Przedstawiciele władz Michałowa odebrali Nagrodę im. Pawła Włodkowica

Data:
Tagi: kalendarium
  • 10 grudnia 2021 r. o godzinie 18:00 odbyło się w siedzibie Biura Rzecznika Praw Obywatelskich uroczyste wręczenie Nagrody RPO im. Pawła Włodkowica
  • Po raz szesnasty Rzecznik Praw Obywatelskich nagrodził osoby, które w biegu wydarzeń upływającego roku wyróżniły się bezkompromisową postawą wobec podstawowych wartości i prawd, nawet wbrew zdaniu i poglądom większości
  • W tym roku nagroda trafiła do przedstawicieli społeczności samorządowej Michałowa
  • Lokalne władze z Michałowa wyróżniły się niezwykle ludzką postawą wobec migrantów podczas trwającego kryzysu humanitarnego na granicy polsko-białoruskiej, udzielając im tak bardzo potrzebnej pomocy i wsparcia

Laureaci nagrody w 2021 r.: społeczność samorządowa Michałowa

Jednogłośnie podjętą decyzją Kapituły nagrody, w 2021 roku wyróżniona została społeczność samorządowa Michałowa w uznaniu jej podyktowanej ludzkimi odruchami reakcji na trwający na pograniczu polsko-białoruskim kryzys migracyjny. 
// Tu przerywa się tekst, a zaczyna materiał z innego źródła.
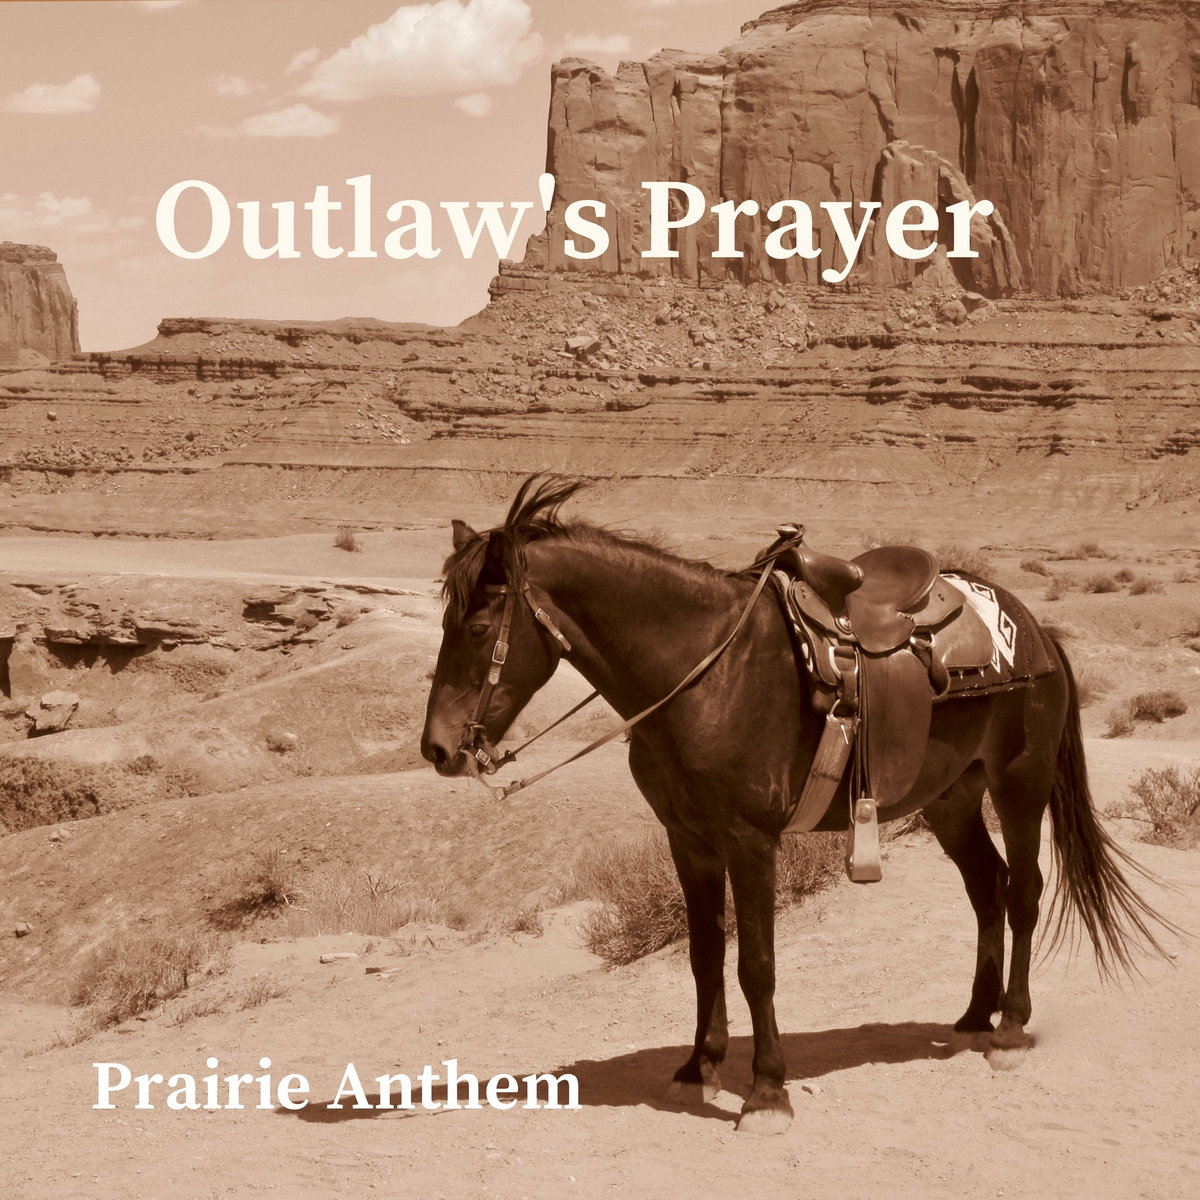 Outlaw's Prayer

Za ich sprawą to nie Warszawa ani żadne inne wielkie miasto, a niewielkie Michałowo na Podlasiu stało się epicentrum działań humanitarnych na rzecz znajdujących się w tragicznym położeniu migrantów. Na nadejście kryzysu władze Michałowa zareagowały kierując się przede wszystkim troską o ludzkie zdrowie, życie oraz godność i otworzyły w miasteczku punkt pomocy humanitarnej, w którym wyczerpani przybysze mogli uzyskać pierwszą pomoc oraz wsparcie.

Przykład Michałowian zainspirował inne samorządy w Polsce - wkrótce potem do Michałowa napływać zaczęły środki pomocy migrantom od lokalnych społeczności z całej Polski. W ten sposób miasteczko stało się symbolem postawy, jaką w wielu przypadkach wobec nadejścia migrantów przyjęły lokalne społeczności. O tym, że władze Michałowa w obliczu kryzysu okazały się w pierwszym rzędzie ludźmi, a w drugim urzędem, świadczą słowa, którymi burmistrz Michałowa Marek Nazarko zamknął swój list otwarty do komisarz praw człowieka Rady Europy Dunji Mijatović i premiera Mateusza Morawieckiego: „W nas ten kryzys pozostanie jeszcze długo po zakończeniu”.

Nagrodę w imieniu władz samorządowych Michałowa odebrali burmistrz Michałowa Marek Nazarko, przewodnicząca Rady Miejskiej Maria Bożena Ancipiuk oraz prezes Ochotniczej Straży Pożarnej w Michałowie Bartosz Nos.

Laudacja RPO: Michałowianie są przykładem potencjału tkwiącego w przywiązaniu ludzi do wartości

(Pełna laudacja dostępna poniżej artykułu)

Powitawszy uczestników uroczystości, jako pierwszy swoją laudację wygłosił rzecznik praw obywatelskich Marcin Wiącek. W pierwszej kolejności podkreślił on uniwersalny charakter praw człowieka, wskazując, iż nie da się stawać w ich obronie różnicując swoje postępowanie wobec ludzi i dotykających ich okoliczności. – Nie wolno nam wybierać. Ludzka godność jest niepodzielna. Jeśli chcemy służyć tej idei, bronić praw człowieka, to nie możemy ich nikomu odmówić, dzielić ludzi na tych, którym one przysługują, i na tych, którym nie przysługują – powiedział Marcin Wiącek.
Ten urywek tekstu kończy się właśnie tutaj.